这个模块负责游戏场景中各个对象的绘制判断。球的绘制区域是 16×16 像素，通过比较当前扫描位置与球坐标确定；边框绘制使用位移操作CounterX[9:2]和CounterY[8:2]，实际上是将坐标除以 4，在 640×480 显示区域的边缘绘制 4 像素宽的边框；挡板绘制在屏幕底部，宽度 64 像素，位置在距离底部 30-46 像素的区域，跟随 PaddleX 水平移动。所有这些绘制判断都通过比较当前扫描坐标与对象坐标范围来实现。

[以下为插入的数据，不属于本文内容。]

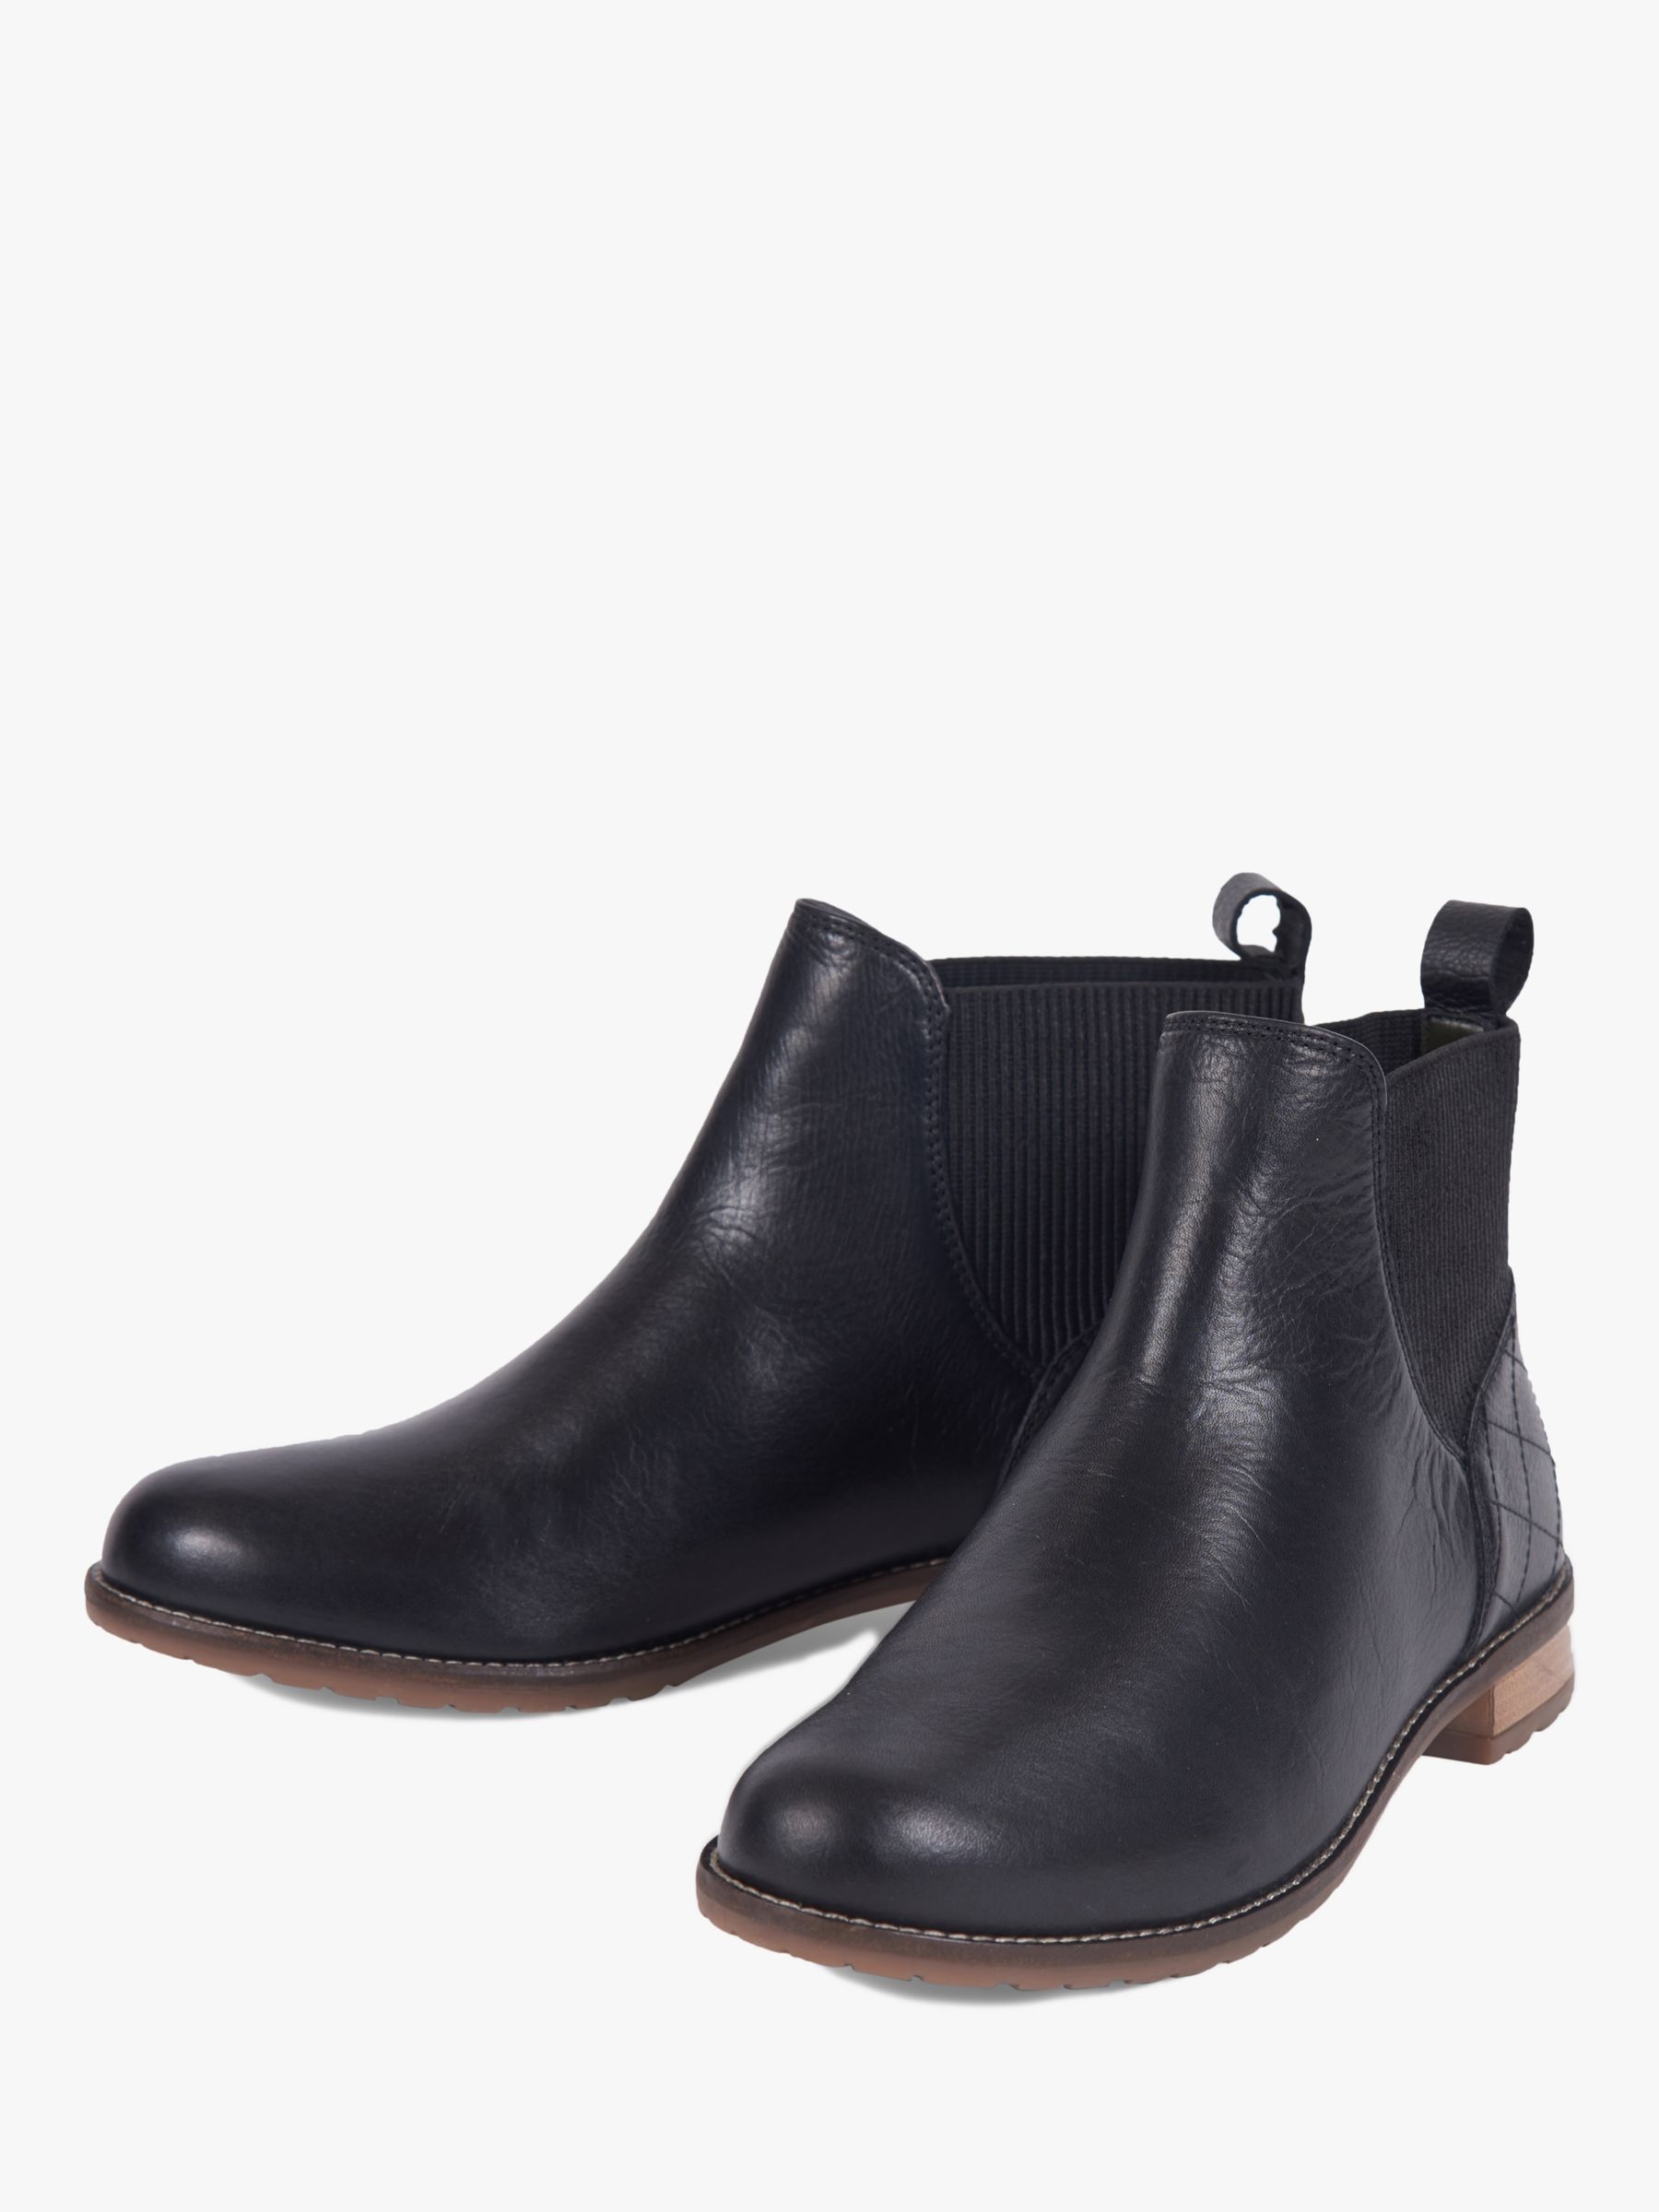 barbour hope chelsea boots

砖墙从坐标 (16,48) 开始，通过坐标变换BrickXo和BrickYo计算相对位置，然后分别提取高位和低位部分。BrickX_H和BrickY_H作为 32×32 矩阵的索引，组成 10 位地址BrickA访问 1024 位的块 RAMRAMbrickwall。砖块的实际排列是 19×7 的矩阵，在RestoreBrickwall信号时恢复，在BrickHit_now信号时清除对应位置的砖块。BrickBody通过检查坐标的低位部分BrickY_L[3:1]和BrickX_L[4:1]是否非零来在砖块间留出 2 像素的间隙，最终的DrawBrick信号需要同时满足砖块存在和在砖块主体区域的条件。BrickHit_acq信号在砖块存在且检测到击中时产生，用于游戏逻辑的砖块计数。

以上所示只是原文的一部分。